| COLLECTED MATERIAL |
----------------
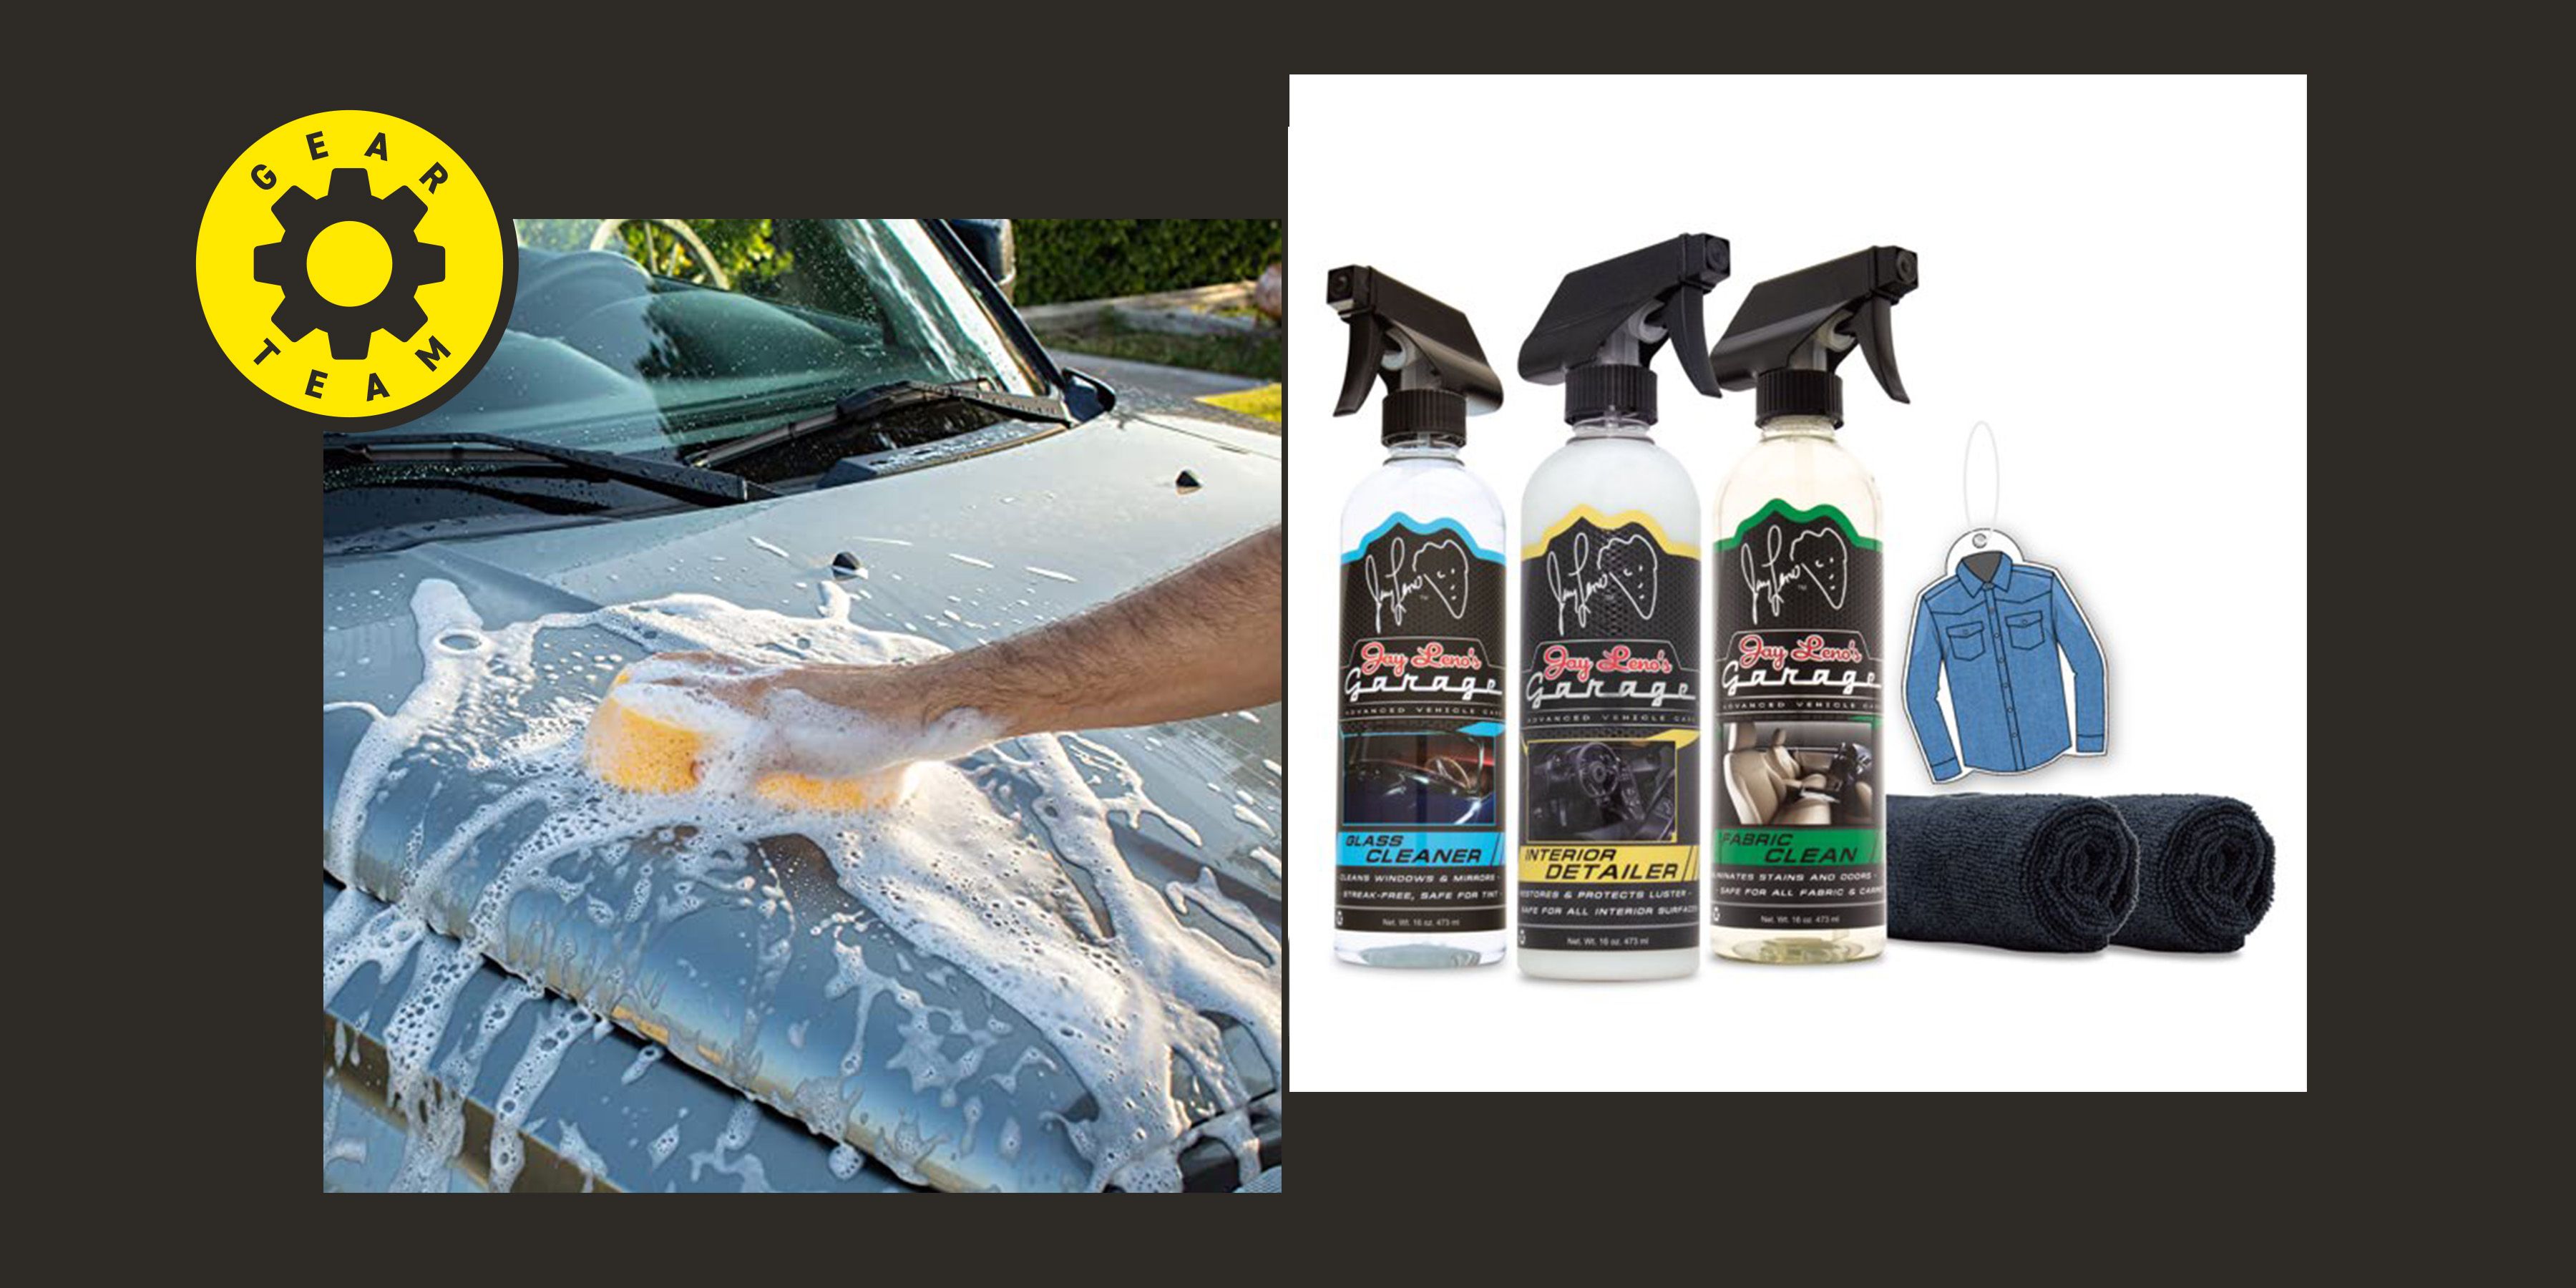  Adam's Arsenal Builder 21 Item Car Wash Kit - Our Best Value Car  Detailing Kit  Foam Gun, Car Soap, Wheel & Tire Cleaner, Total Interior  Cleaner, Glass Cleaner, Tire Shine
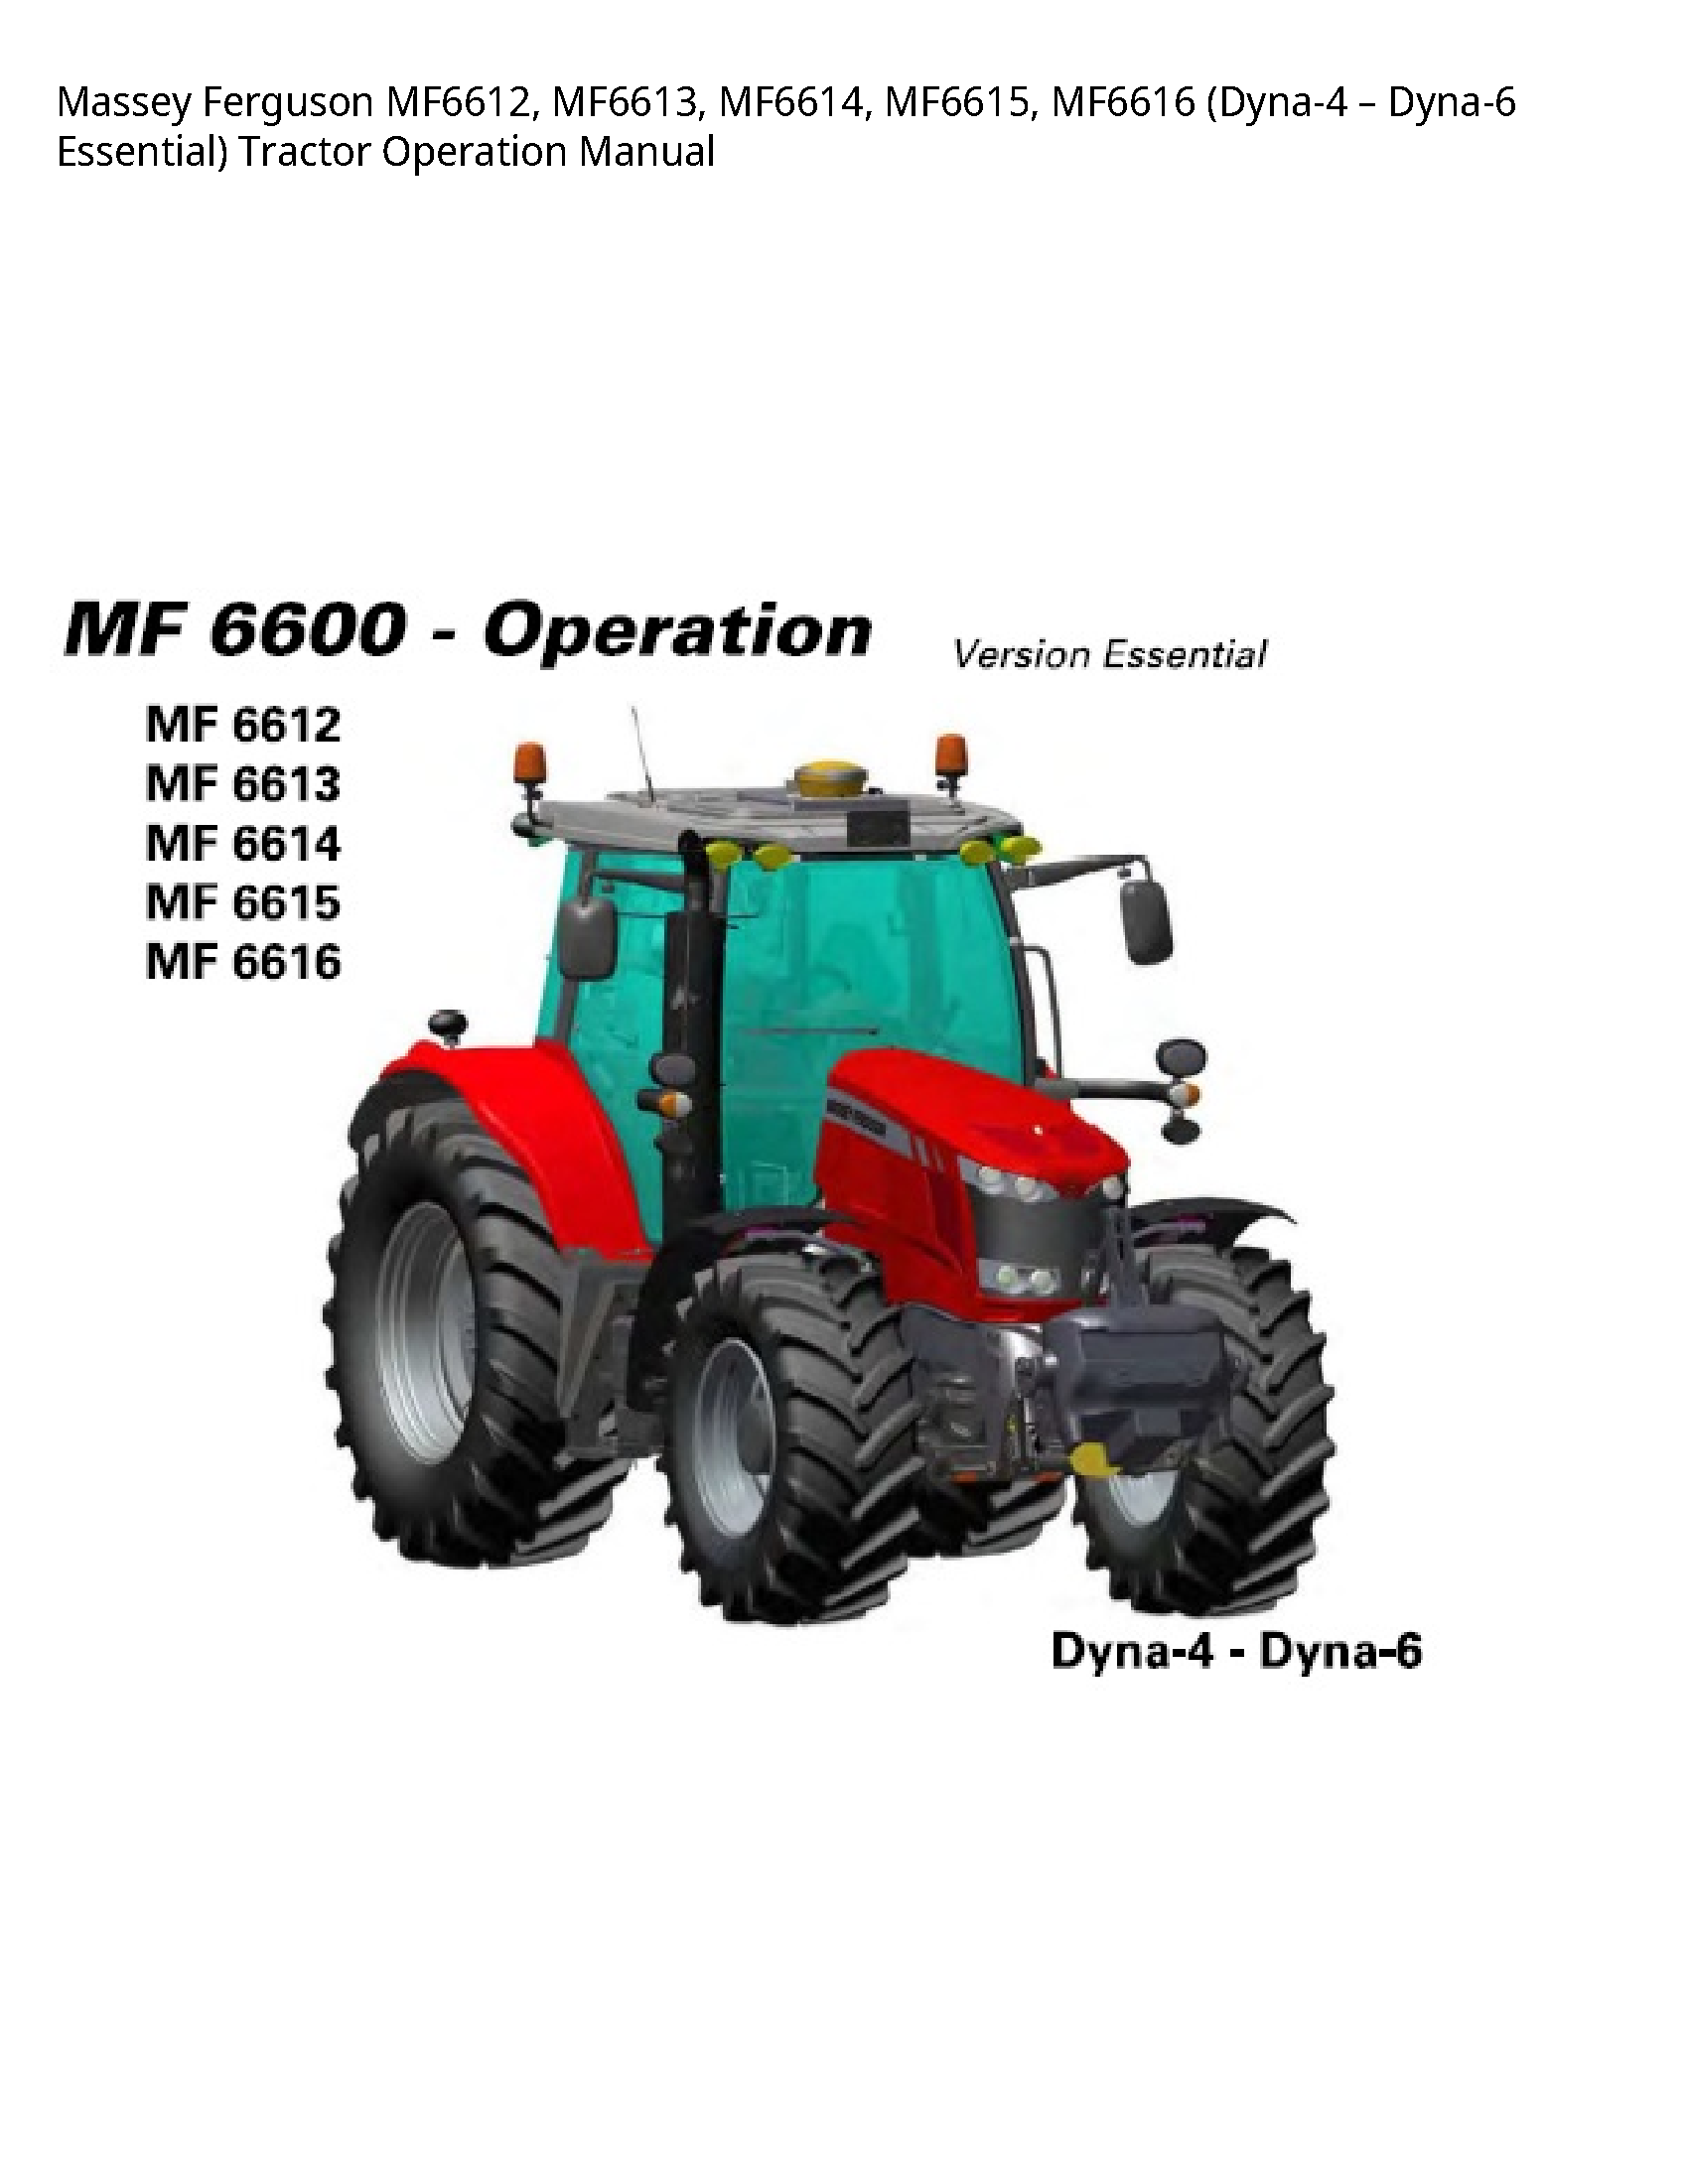 Massey Ferguson MF6612 Essential) Tractor Operation manual
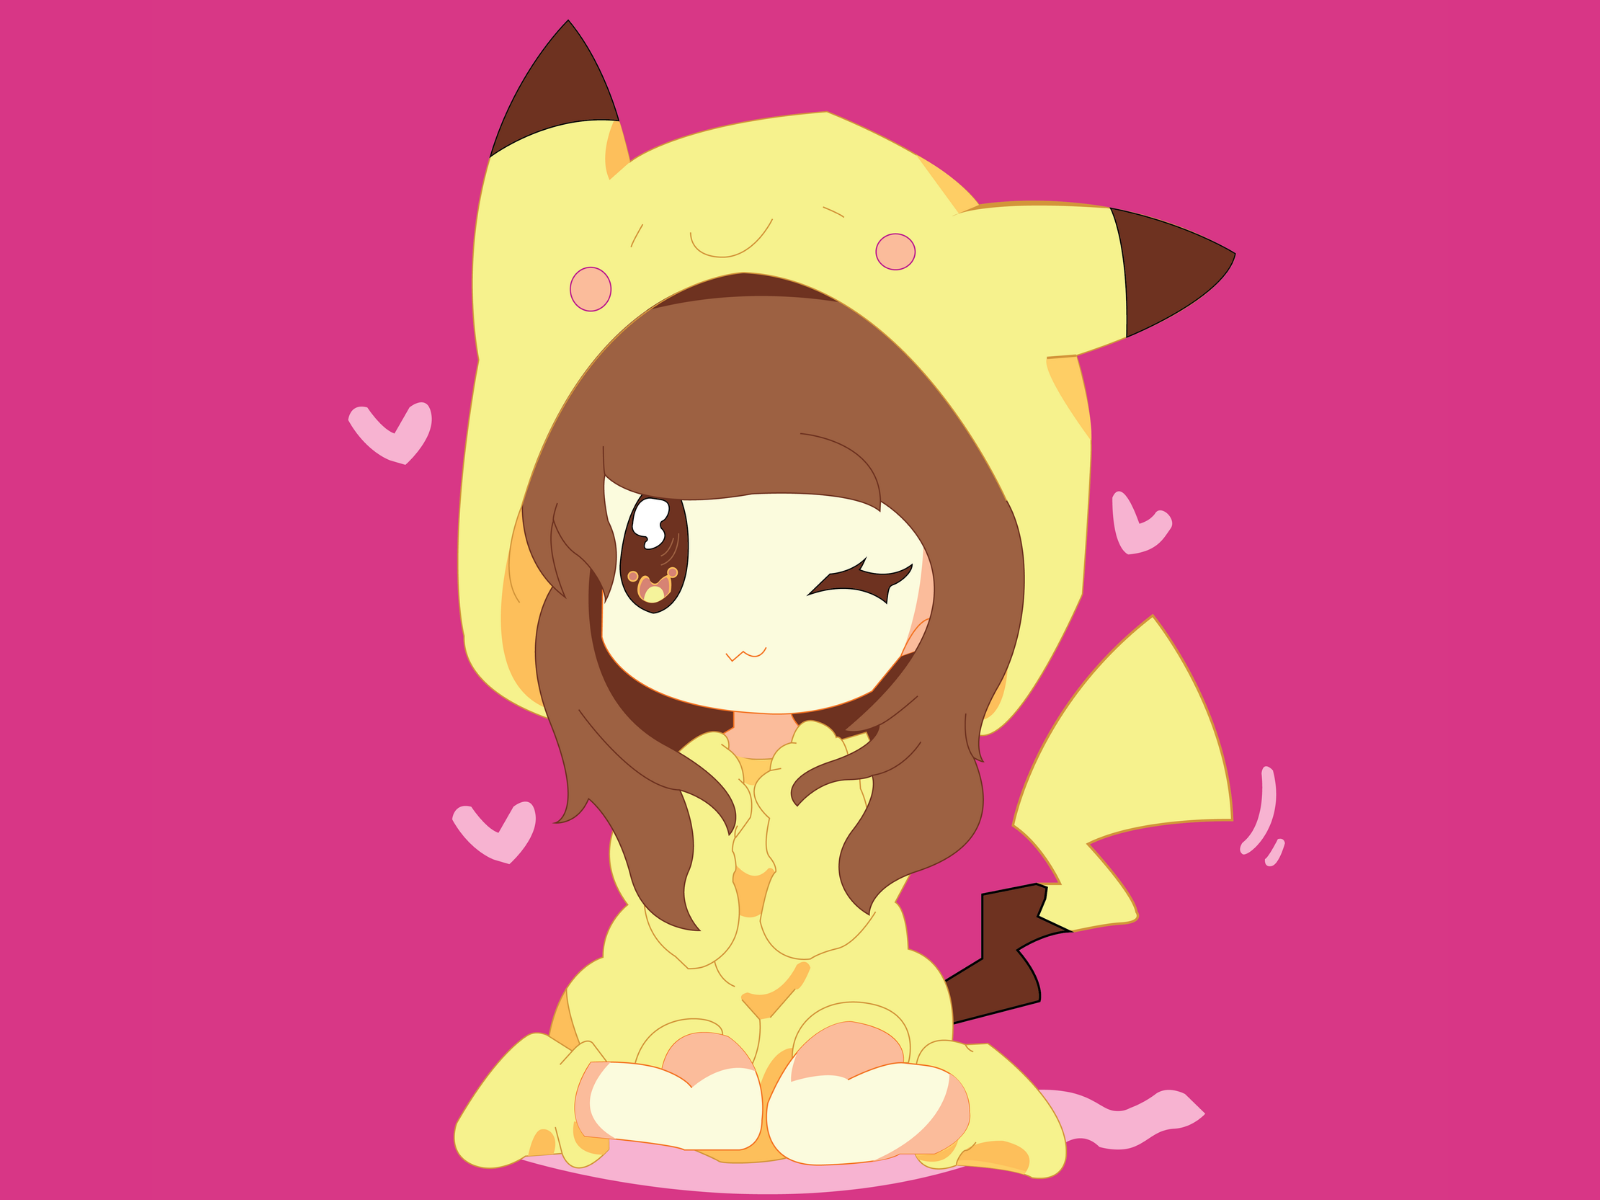 Pikachu anime girl by Dhruv Bisht on Dribbble
----------------
| EXERCISE BRIEF |
Without including any picture, set down the listing above exactly as it appears.

| SOLUTION TO THE EXERCISE |
  Adam's Arsenal Builder 21 Item Car Wash Kit - Our Best Value Car  Detailing Kit  Foam Gun, Car Soap, Wheel & Tire Cleaner, Total Interior  Cleaner, Glass Cleaner, Tire Shine
 Massey Ferguson MF6612 Essential) Tractor Operation manual
 Pikachu anime girl by Dhruv Bisht on Dribbble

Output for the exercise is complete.